DOME: Improving Signal-to-Noise in Stochastic Gradient Descent via Sharp-Direction Subspace Filtering

TL;DR

This work addresses the fact that stochastic gradients in deep networks exhibit persistent high-variance directions aligned with Hessian outliers, which can inflate gradient norms without aiding long-horizon descent. It introduces DOME, an online method that builds a nuisance subspace from the centered gradient covariance using a streaming power method and then filters gradients by projecting away this subspace before applying the optimizer. The approach provides a first-order surrogate for sharp directions, demonstrates that removing nuisance components does not degrade and can even improve learning, and shows notable gains in high-noise or heavily compressed settings. Practically, DOME enhances gradient signal-to-noise, enabling more robust compression, privacy-preserving training, and potential benefits for continual learning, without modifying the underlying loss or descent directions.

Abstract

Stochastic gradients for deep neural networks exhibit strong correlations along the optimization trajectory, and are often aligned with a small set of Hessian eigenvectors associated with outlier eigenvalues. Recent work shows that projecting gradients away from this Hessian outlier subspace has little impact on optimization, despite capturing a large fraction of gradient variability.
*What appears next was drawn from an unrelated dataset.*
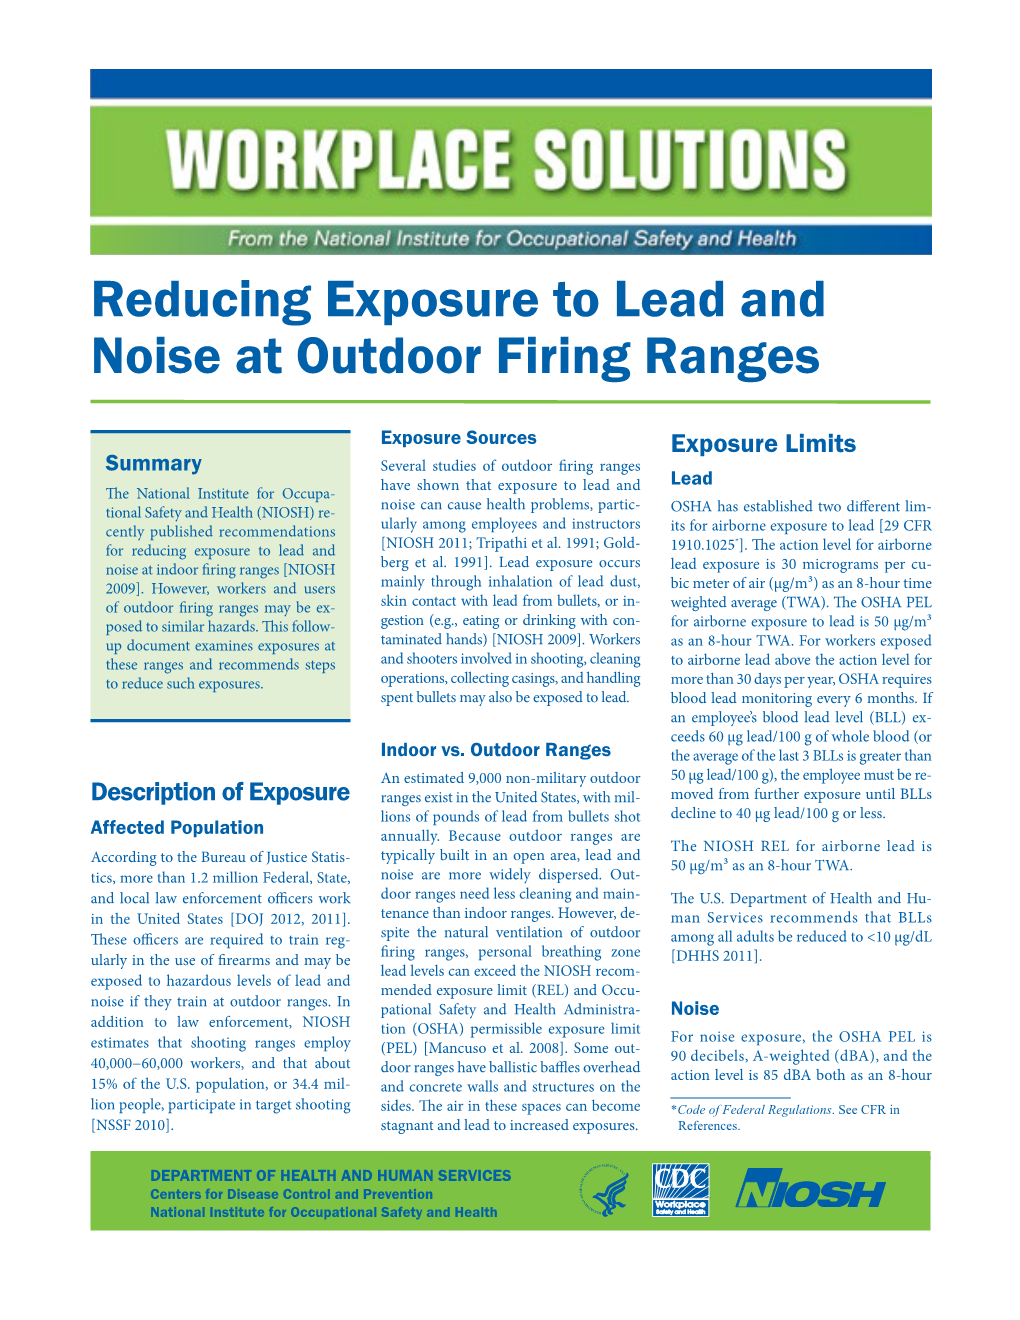 Reducing Exposure to Lead and Noise at Outdoor Firing Ranges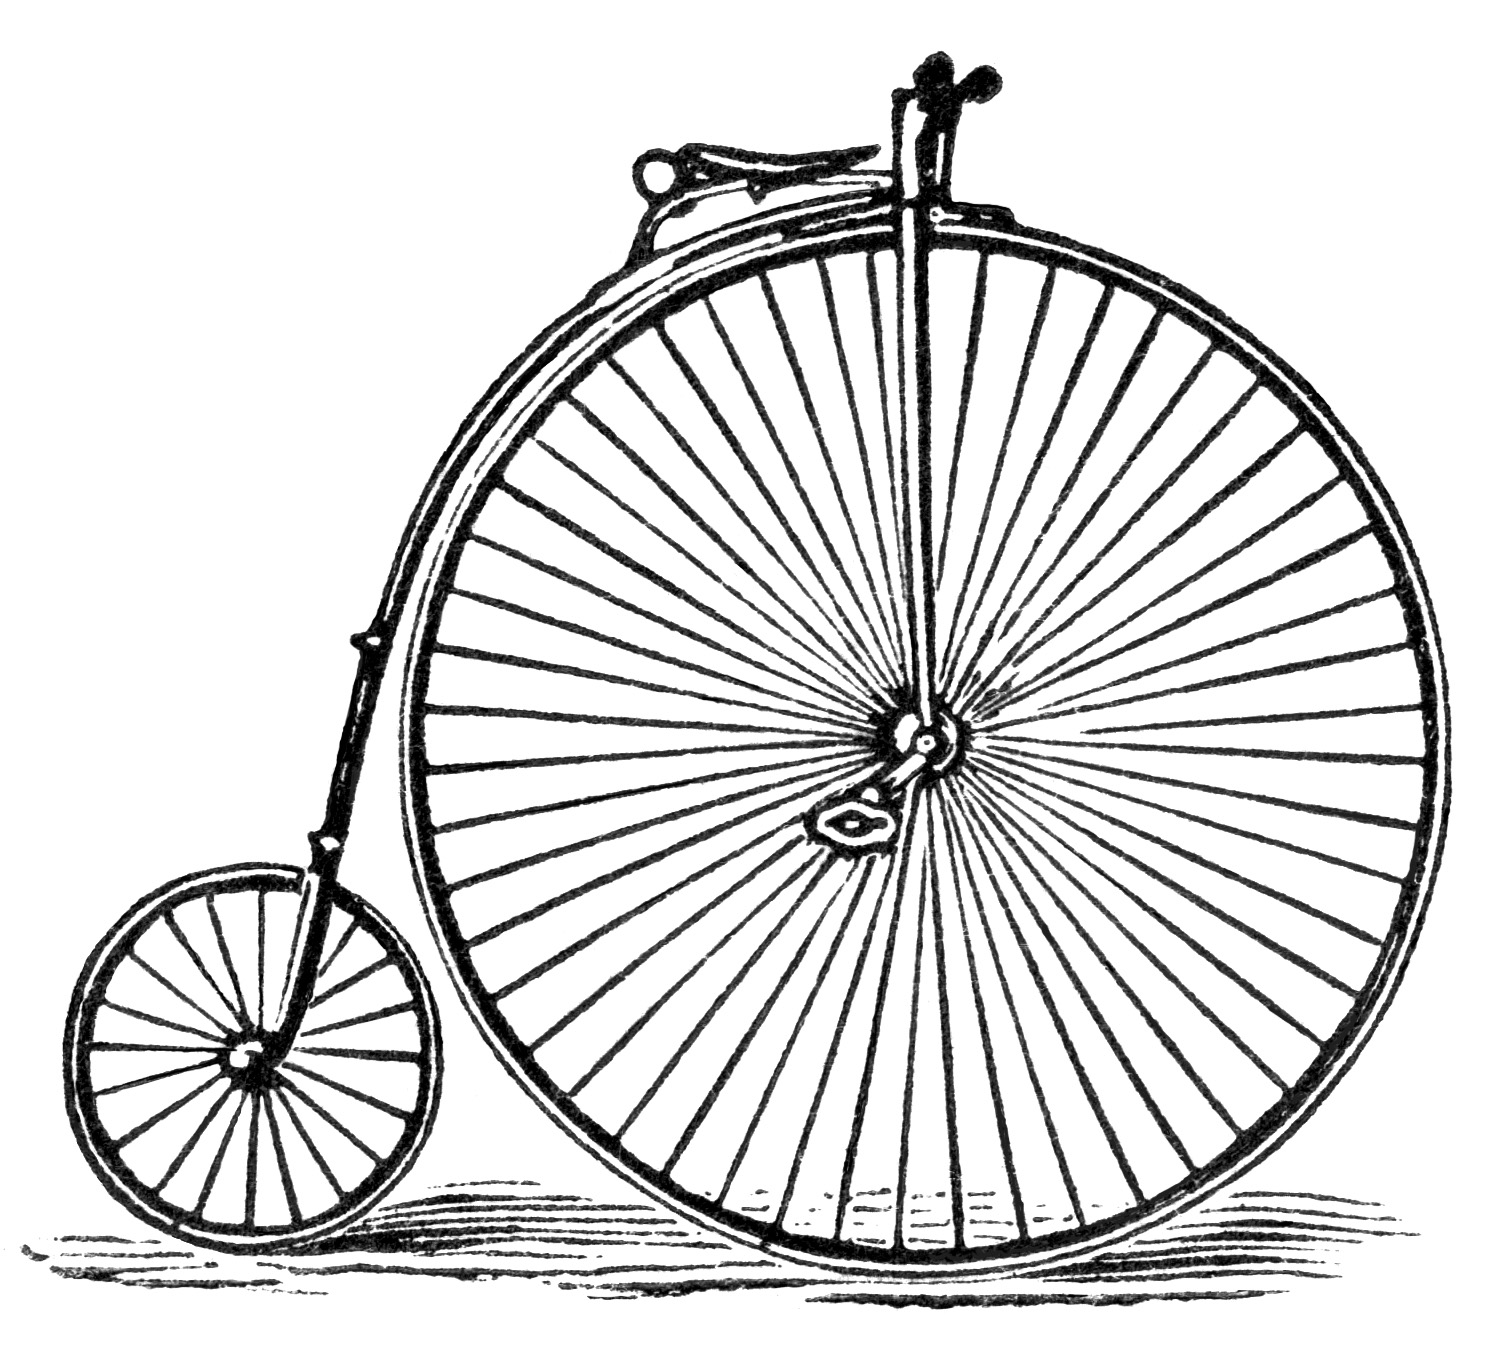 Here Is A Black And White Clipart Version Of The Bicycle From The Ad

Since computing the Hessian is intractable in practice, we introduce a principled first-order characterization of the nuisance subspace based on the covariance of stochastic gradients, and propose an efficient method to estimate it online. We show that removing this subspace also has little impact on optimization, and yields practical benefits for applications sensitive to gradient signal-to-noise ratio such as gradient compression.

Figures (10)

• Figure 1: Impact of filtering on training dynamics on CIFAR-10 when training a ResNet-8 with SGD, $lr=0.1$ and a batch size of 16 for 50 epochs. Left: Training loss as a function of epochs for the unfiltered optimizer and its filtered counterpart. Center: Average fraction of gradient norms lying in the dominant subspace (before applying filtering for the filtered version). Right: Top-1 accuracy as a function of epochs. Shaded areas indicate $99\%$ bootstrap confidence intervals over 5 random seeds.
• Figure 2: Impact of filtering on training dynamics on TinyImageNet when training a ResNet-18 with SGD, $lr=0.1$, and a batch size of 64 for 50 epochs. Left: Training loss as a function of epochs for the unfiltered optimizer and its filtered counterpart. Center: Average fraction of gradient norms lying in the dominant subspace (before applying filtering for the filtered version). Right: Top-1 accuracy as a function of epochs. Shaded areas indicate $99\%$ bootstrap confidence intervals over 5 random seeds.
• Figure 3: Compression tolerance. Test accuracy versus compression rate for Adam and DOME-filtered Adam using random Gaussian projection sketches, on MNIST with a ResNet-8. Training proceeds for 50 epochs with batch size 128. Curves report means over 5 runs; shaded regions indicate 95% bootstrap confidence intervals.
• Figure 4: Impact of the nuisance subspace dimension. Test accuracy for Adam and DOME-filtered Adam under a fixed compression rate $d/m=10^3$ for varying subspace rank $k$, on MNIST with a ResNet-8. Curves report means over 5 runs; shaded regions indicate 95% bootstrap confidence intervals.
• Figure 5: Centered covariance spectrum. Eigenvalue spectrum of the centered gradient covariance after training for 10 epochs on CIFAR-10 with batch size 128. The first dotted line is at rank $C=10$ and the second at rank $C^2=100$.